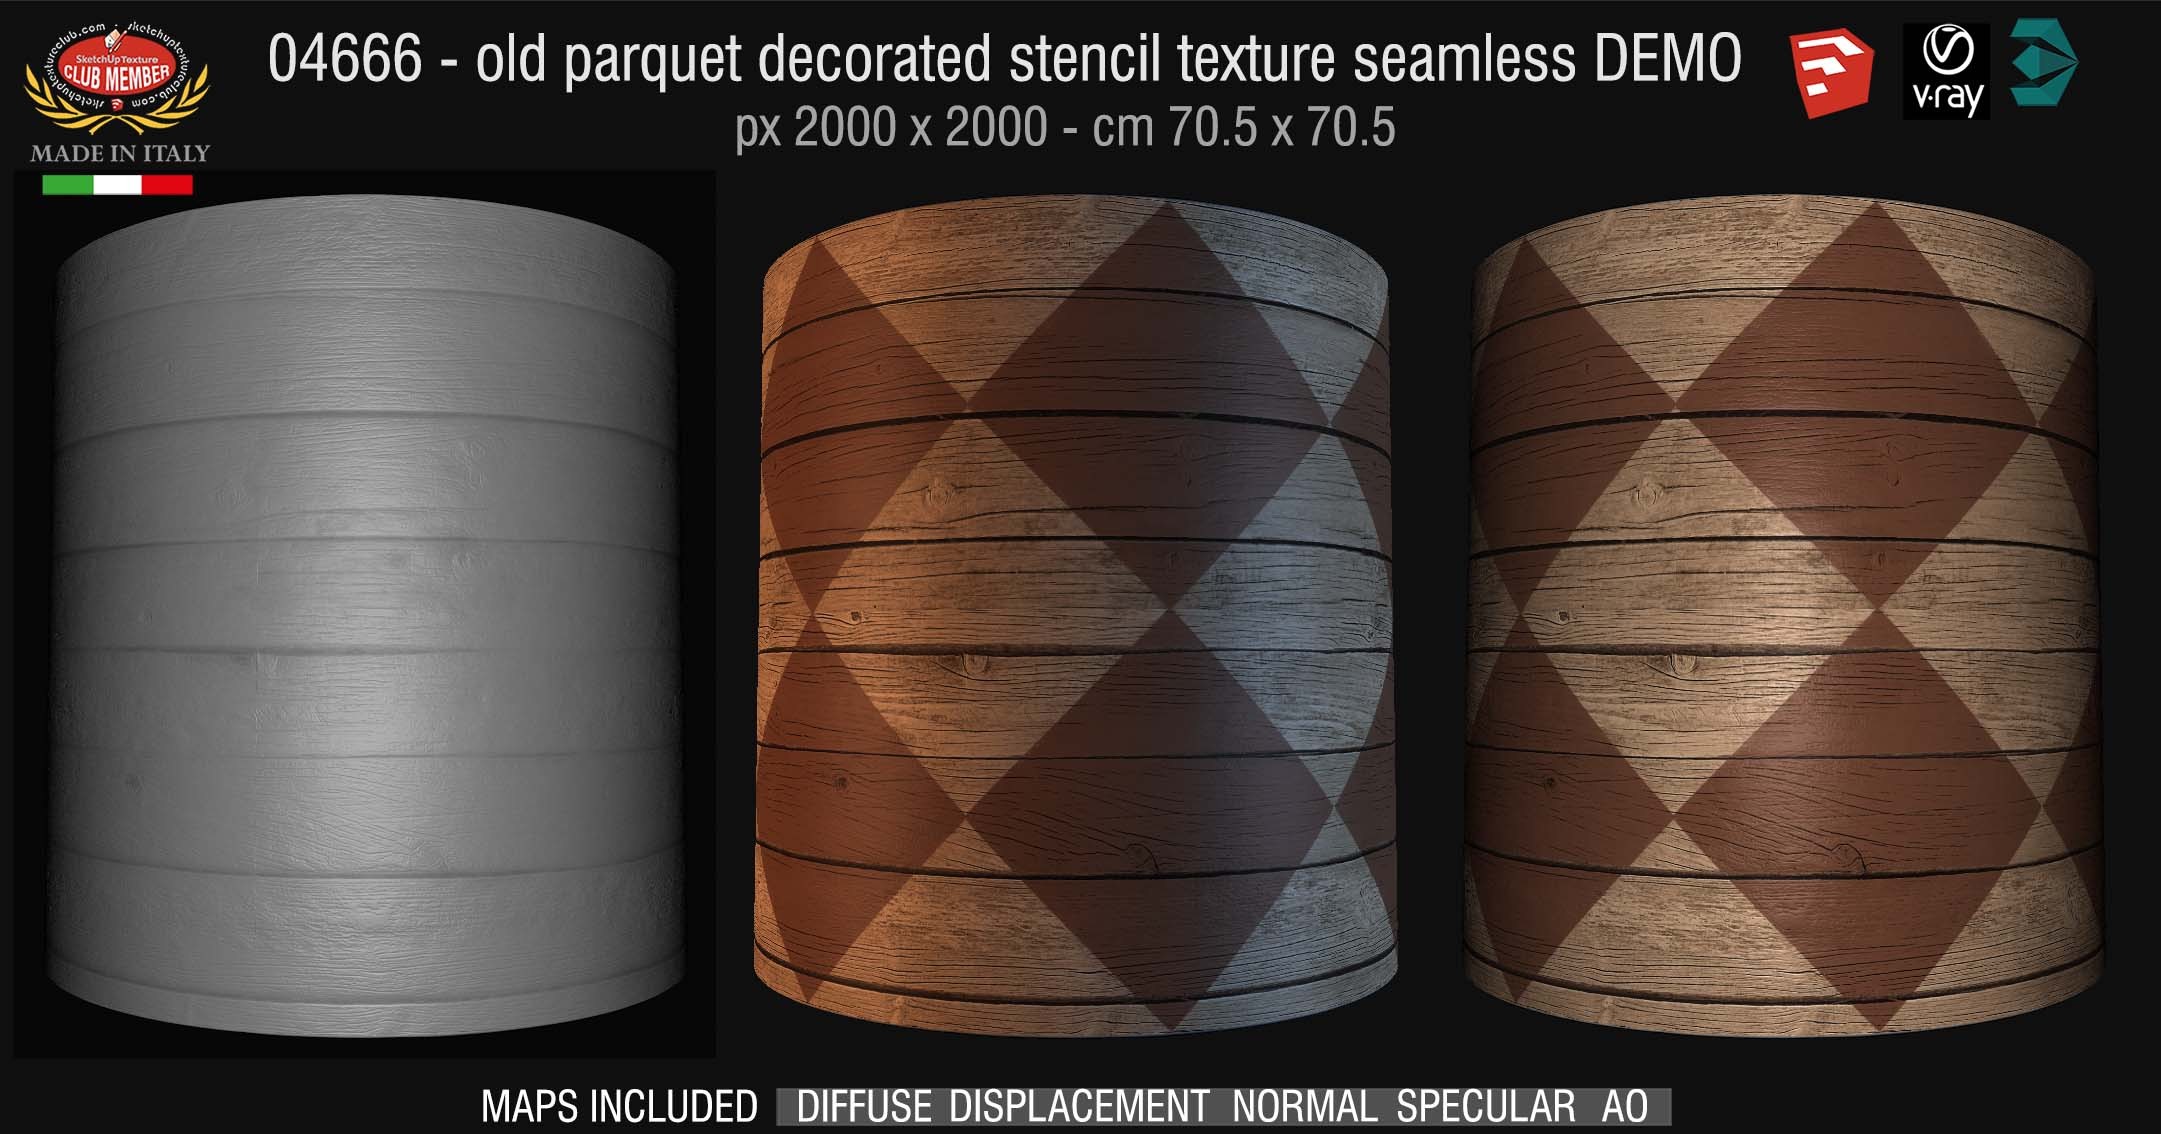 04667 HR Parquet decorated stencil texture seamless + maps DEMO
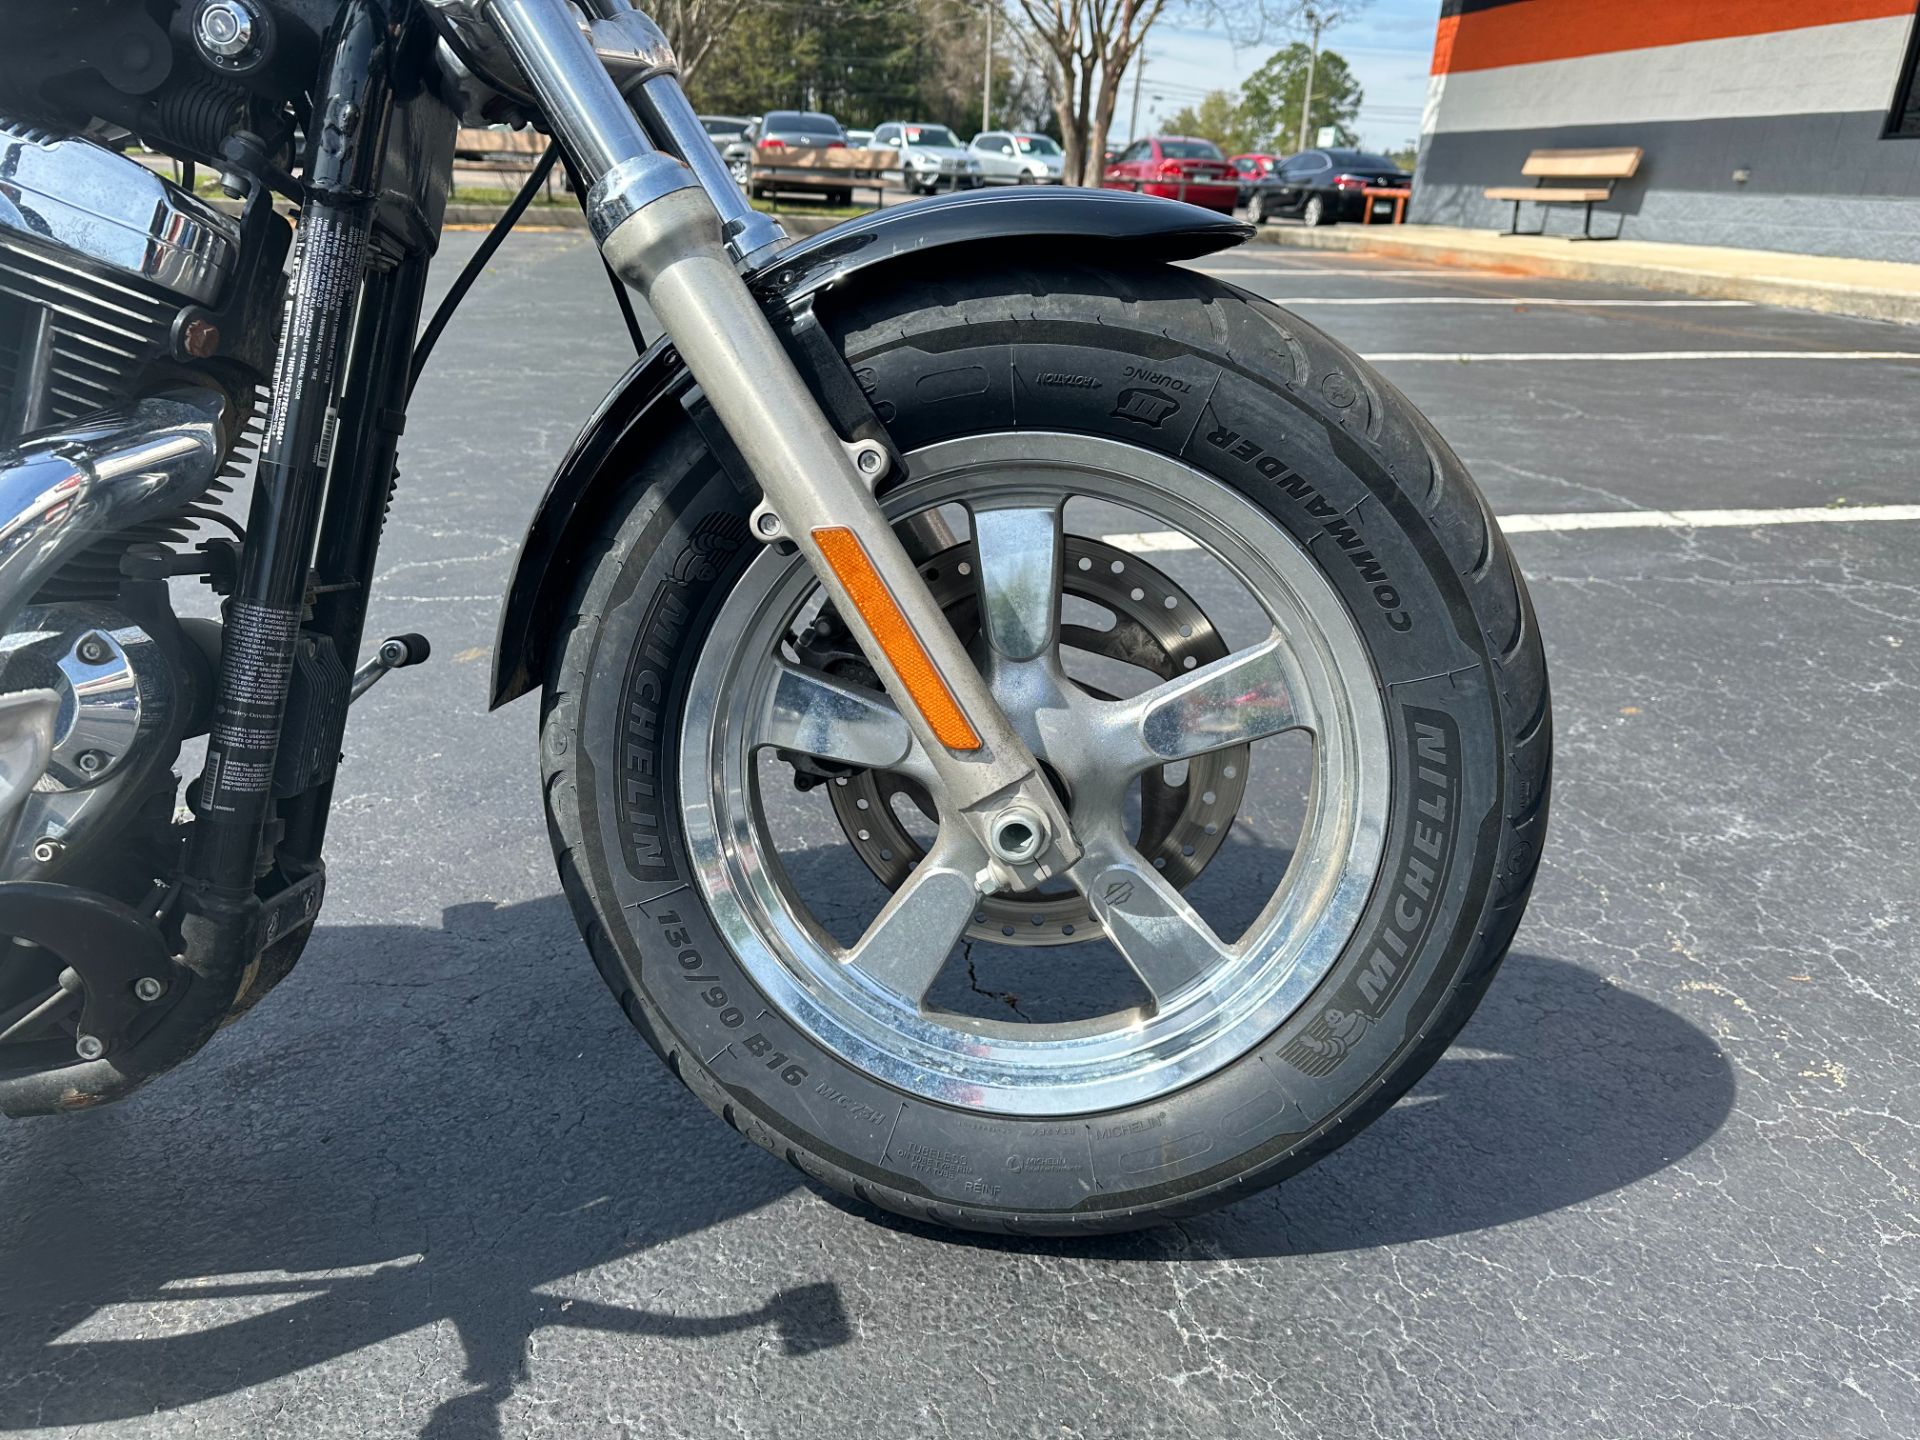 2014 Harley-Davidson 1200 Custom in Mobile, Alabama - Photo 4
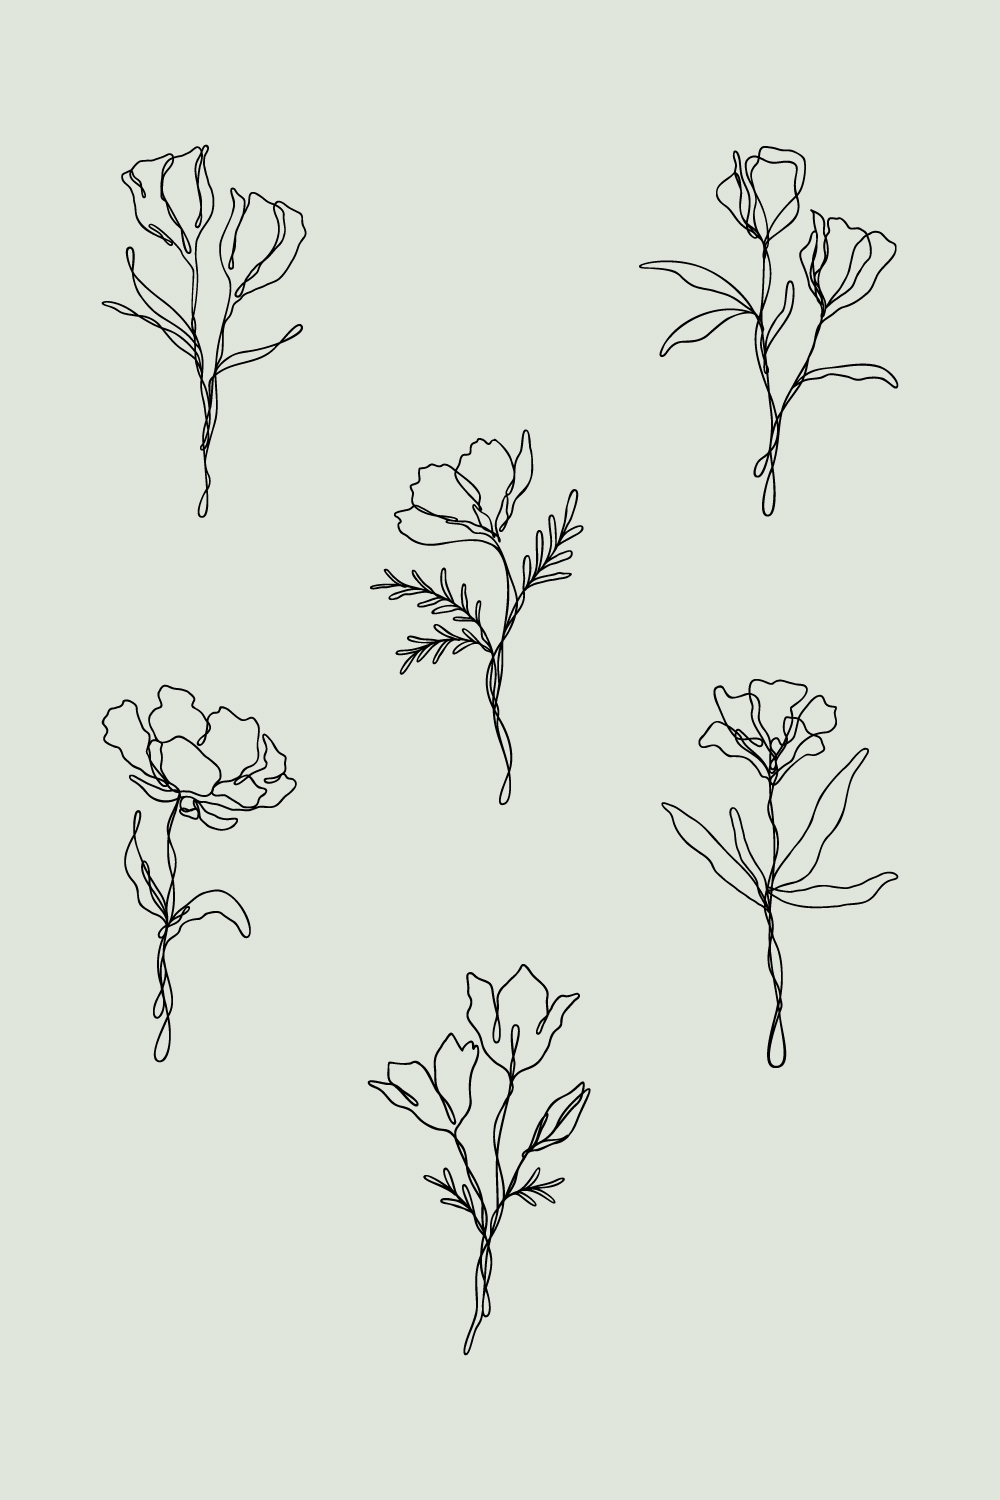 6 Floral Line Art Bundle | Continuous Line Wildflower Design Set pinterest preview image.
-*-
Instructions for the task ▸
The answer must be the full listing, exact in every line, with the pictures removed.

Output of the task ▸
 04667 HR Parquet decorated stencil texture seamless + maps DEMO
 2014 Harley-Davidson 1200 Custom in Mobile, Alabama - Photo 4
 6 Floral Line Art Bundle | Continuous Line Wildflower Design Set pinterest preview image.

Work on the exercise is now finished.